Physics and Applications of High-β Micro- and Nanolasers

Micro- and nanolasers are emerging optoelectronic components with many properties still to be explored and understood. On the one hand, they make it possible to address fundamental physical questions in the border area between classical physics and quantum physics, on the other hand, they open up new application perspectives in many areas of photonics. This progress report provides an overview of the exciting developments from conventional semiconductor lasers toward nanoscale lasers, whose function relies on increased light-matter interaction in low-mode-volume resonators and unconventional gain concepts. The latest advances in the physical understanding of light emission from high-beta lasers, in which a large part of the spontaneous emission is coupled into the laser mode, are highlighted. In the limit of beta = 1, this leads to thresholdless lasing and it is shown that quantum optical characterization is required to fully explore the underlying emission processes.

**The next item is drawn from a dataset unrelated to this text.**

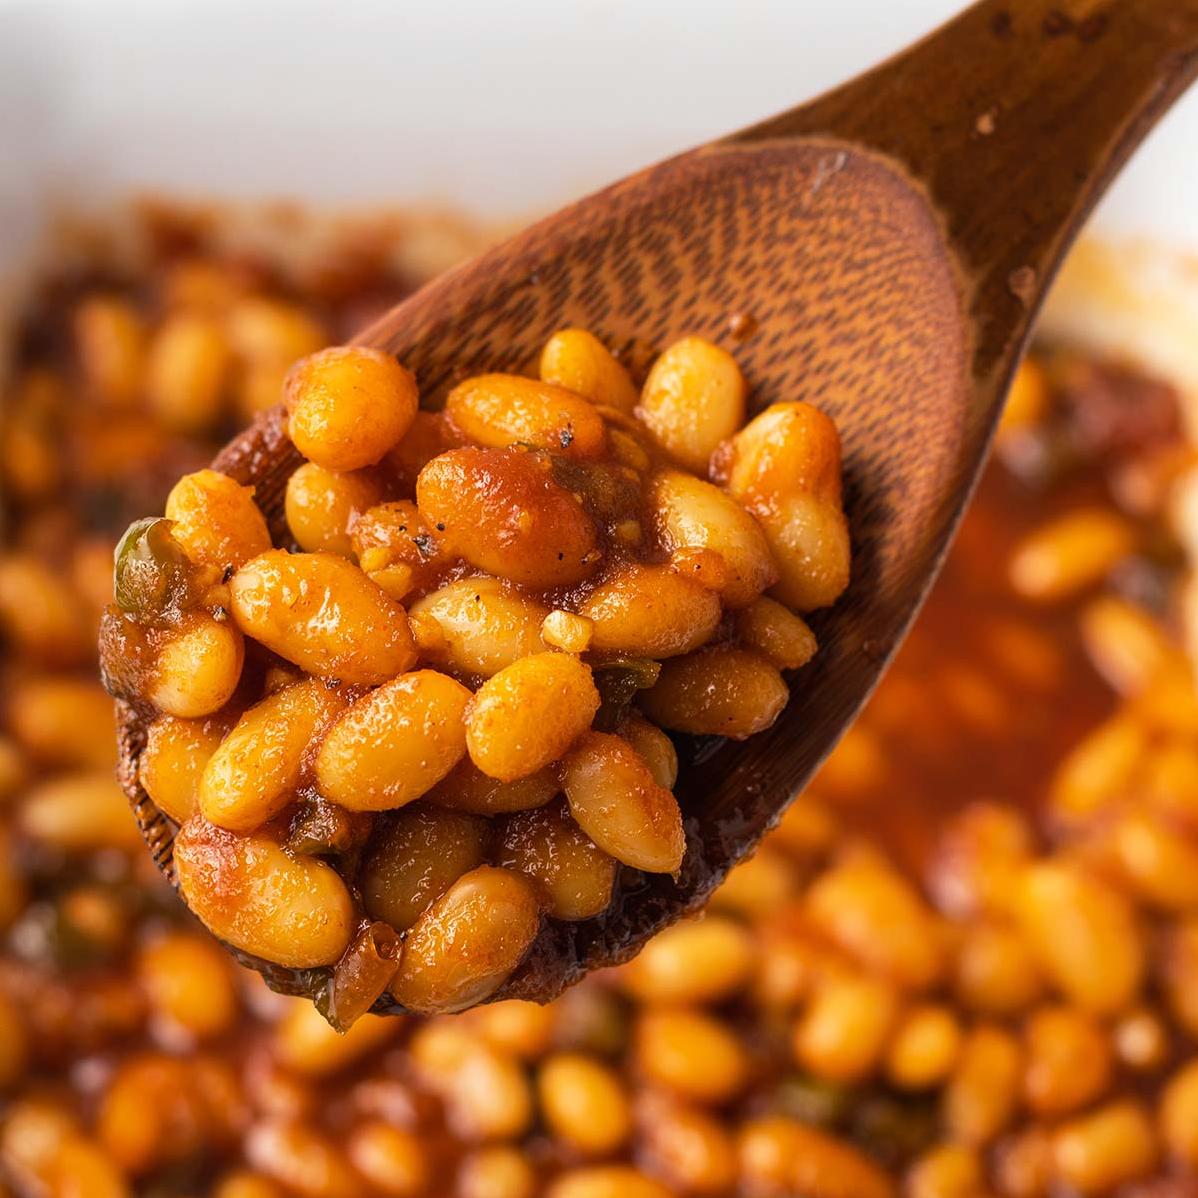  Ready to spice up your bean game?

In addition, emerging nanolaser concepts based on Fano resonators, topological photonics, and 2D materials are presented. Open questions, future prospects, and application scenarios of high-beta lasers in integrated photonics, quantum nanophotonics, and neuromorphic computing are discussed.

Automated summary

Micro- and nanolasers are emerging optoelectronic components that offer opportunities to explore fundamental physical questions and have diverse applications. Exciting developments include advancements in the physical understanding of light emission from high-beta lasers and emerging nanolaser concepts based on Fano resonators, topological photonics, and 2D materials. The future prospects and application scenarios of high-beta lasers in integrated photonics, quantum nanophotonics, and neuromorphic computing are also discussed.